Wednesday, April 02, 2025

Make a new life for yourself, they said...

That is such a tough line to think about, let alone act on.

As many of you know, after 25yrs together, my M was admitted to a local care facility, already two months ago to the day, because of her Alzheimers/dementia.

I was told by a few people, some very close friends, and even the manager at the care facility that I now need to go out and create a new life for myself, that I need to move on. That's all fine and well and easy for them to say, but it is a mammoth task.

For one, I have responsibilities. They extend, firstly and foremostly, to M. She is still with us, is still my wife, is still a part of my life albeit in a very different context. She requires care on a daily basis, supplied by the carers. She also requires care going into the future if something terminal should happen to me. I'm only a person in an ageing body and it could desert me at any time, one never knows, so I've made financial arrangements for her continued care.

Next, I have mom and nephew (often referred to by myself as the Nephewmonster) also living with me. They too require daily care, but for different reasons. Nephew is only 11yrs old and growing fast, but could still be around for a few more years until he makes his own way out into the world. Mom is getting frail and is 81yrs old, cannot do too much before her COPD kicks in and takes the breath out of her.

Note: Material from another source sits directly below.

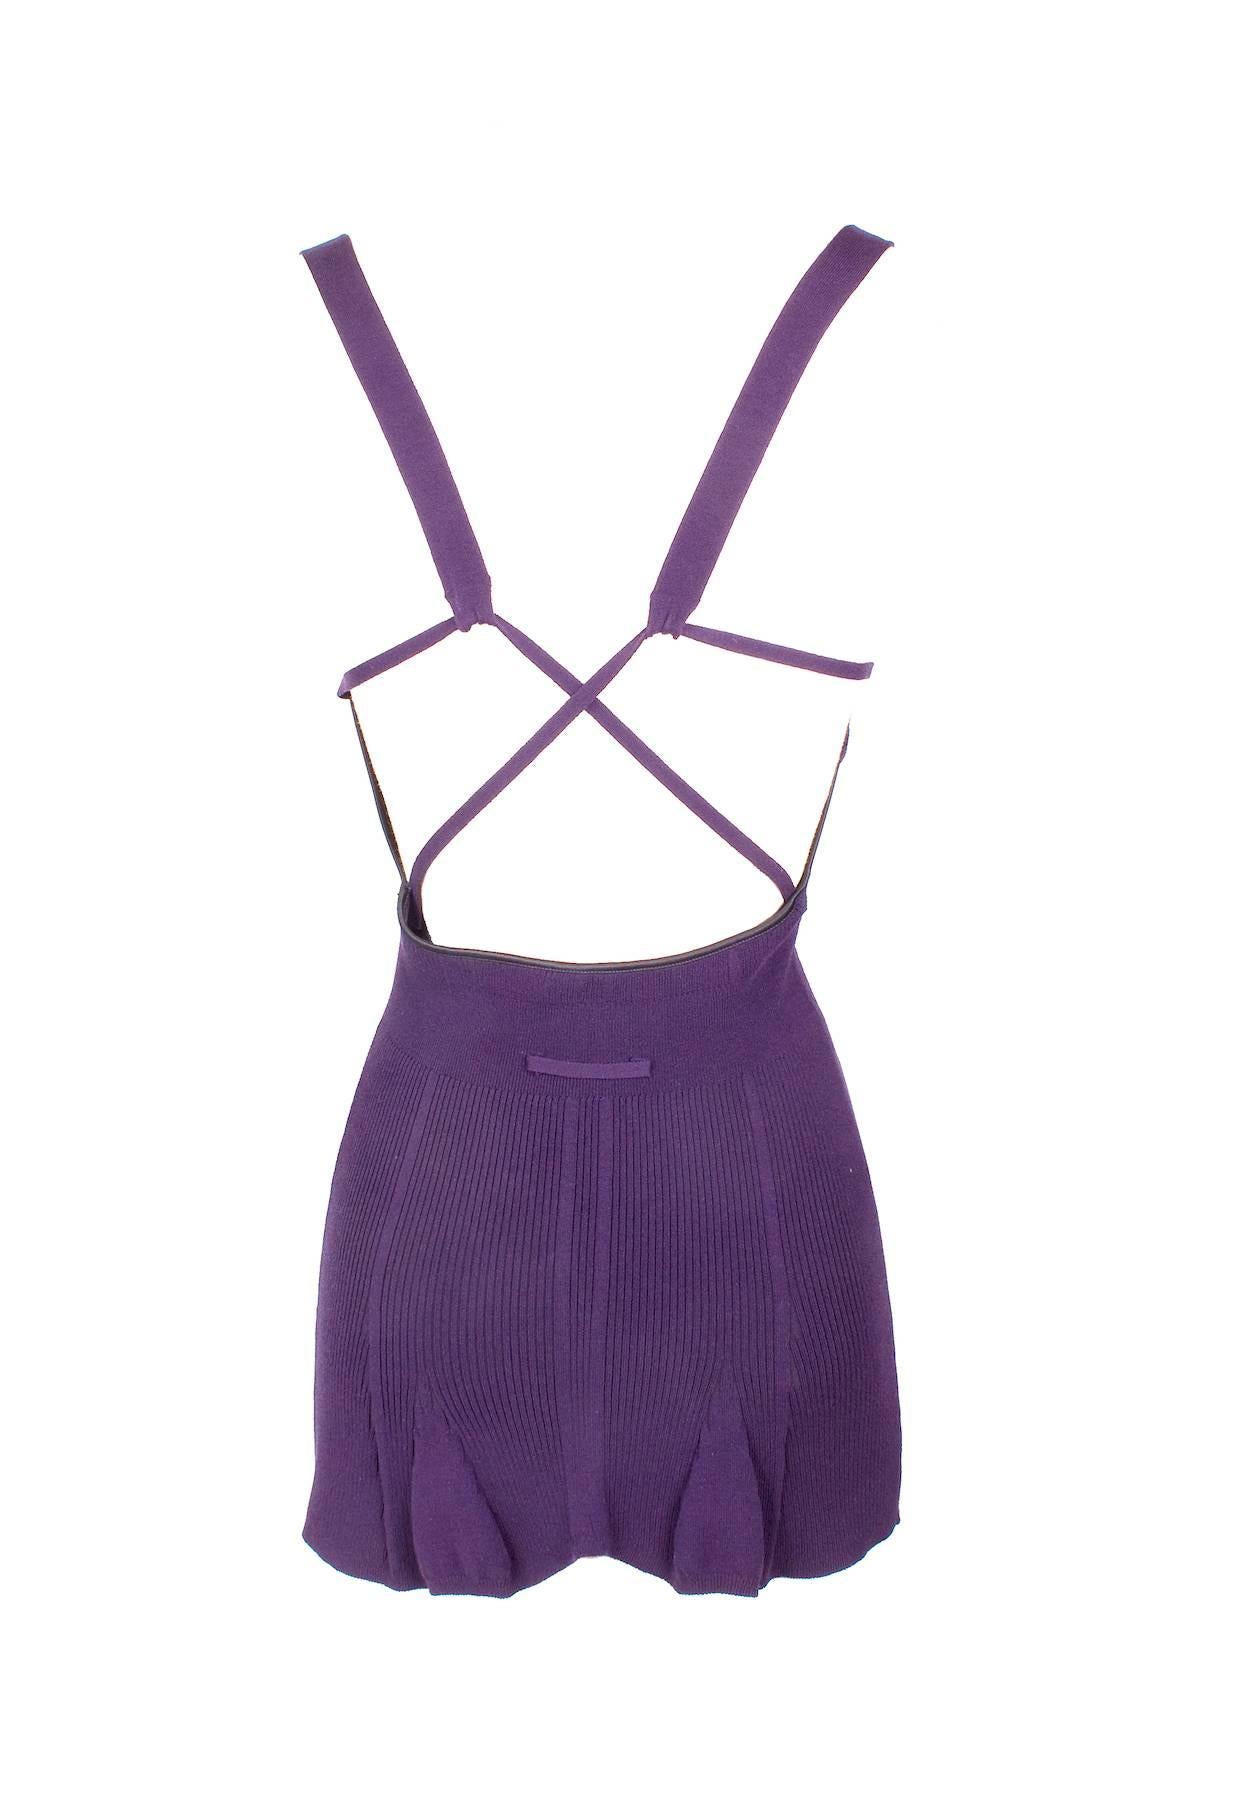 Purple Jean Paul Gaultier Knit Tank with Cone Bra circa late 1980s/early 1990s

Lastly, I have a responsibility to myself. I'm pretty much chief-cook-and-bottlewasher around the house for the three of us, but when I'm not cracking ribs passing bicycles over gates or rescuing upturned tortoises, I need to look after myself mentally and physically. Without me being in as good a condition as I can keep myself in, I run the risk of incapacitation, or worse, which could be catastrophic for my "lodgers".

So, how does one "make a new life" for oneself?

As the author, and in my opinion, it has to be done on physical and mental levels.

The physical side is, in my case, relatively easy. I walk and cycle when I can. Since being off the bikes with the sore ribs, I've walked an average of 10km a day. Before I hurt the ribs, I was cycling anywhere up to, and sometimes over, 250km a week. I feel great, and am the lightest and fittest I've been in about 20yrs. I think I've got the physical side sorted out (if I stay away from gates and tortoises). As an aside, I got back on a bike today for the first time in three weeks...woohoo...

The mental side is a bit trickier. There are so many levels of mental wrestling I have to go through in my situation.

The biggest challenge, still, is the guilt I feel whenever I leave M after a visit. I don't know how long that will last, or if it will even go away. I suspect it might last until some time after she forgets who I am or what my name is, because then I will know she is definitely not herself anymore, not mine anymore.

The next biggest challenge, I feel, is the loneliness, particularly at night when I turn over onto my left side in bed and see the empty space where M used to be. During the day is okay because I'm active in some form or other for most of it, but it hits home at night. Sometimes I'm okay with being alone, others not so much. I'm guessing that's because M has been there for 25yrs and now I have a hollow spot in her place. I don't mind my own company for the most part, but there comes a time when a bit of conversation or companionship would be comforting. Which leaves me with a conundrum...

People tell me (even encourage me) to go out and seek companionship, perhaps even a relationship. Do you see where I'm going with this?

If you don't, do you remember what marriage vows are, what they say about "in sickness and health"? Right. Now we're on the same page, and there's my conundrum. How do I go out and engage in new companionship or a relationship, without another layer of guilt slapped on top of the current?

Yes, I know it may be something I "just" have to deal with, something to put my "big girl panties on" for, should the time arise. Maybe I just need to believe that, under the circumstances, it's okay to be doing this, that it is justified, maybe even that it's what M would want that I be happy? (That's such a fuckin' cliche...)

Maybe I just need to say "fuck it" and go with the flow, see where whatever it is takes me and deal with the issues as I go along, be honest with myself and the other person/s involved.

So, yeah, go out and make a new life for yourself, indeed... ðŸ˜µ



FFS...people are going to read the blog posts of the last couple of weeks and start spinning their index fingers around next to their temples in an indication of "Man, this guy's lost it...cuckoo". I can assure you, folks, I'm really okay. I'm just letting my keyboard diarrhoea out, venting thoughts, emotions.


Look after yourselves out there, folks...


1 comment:

Anonymous said...

What you’re doing now, feeling now is a form of grief. Let it flow. Like absolutely everything this too shall pass. You’re dealing in ‘what if’s’ and unknowns and hypotheticals here. Let it flow. Start by finding something to do on a night. A class? A help group for folk in a similar position (I know, I know but honestly they’re in the best place to get this and there’s going to be women there in the same situation right?) Fill one night and see how you go. Maybe that’s enough. Maybe not. See how you feel. If you meet a friend then great but building a life doesn’t need to mean go fill your bed. Fill a few hours and if someone appears who helps you do that then you assess that when it happens. Take the pressure off yourself. Let it flow.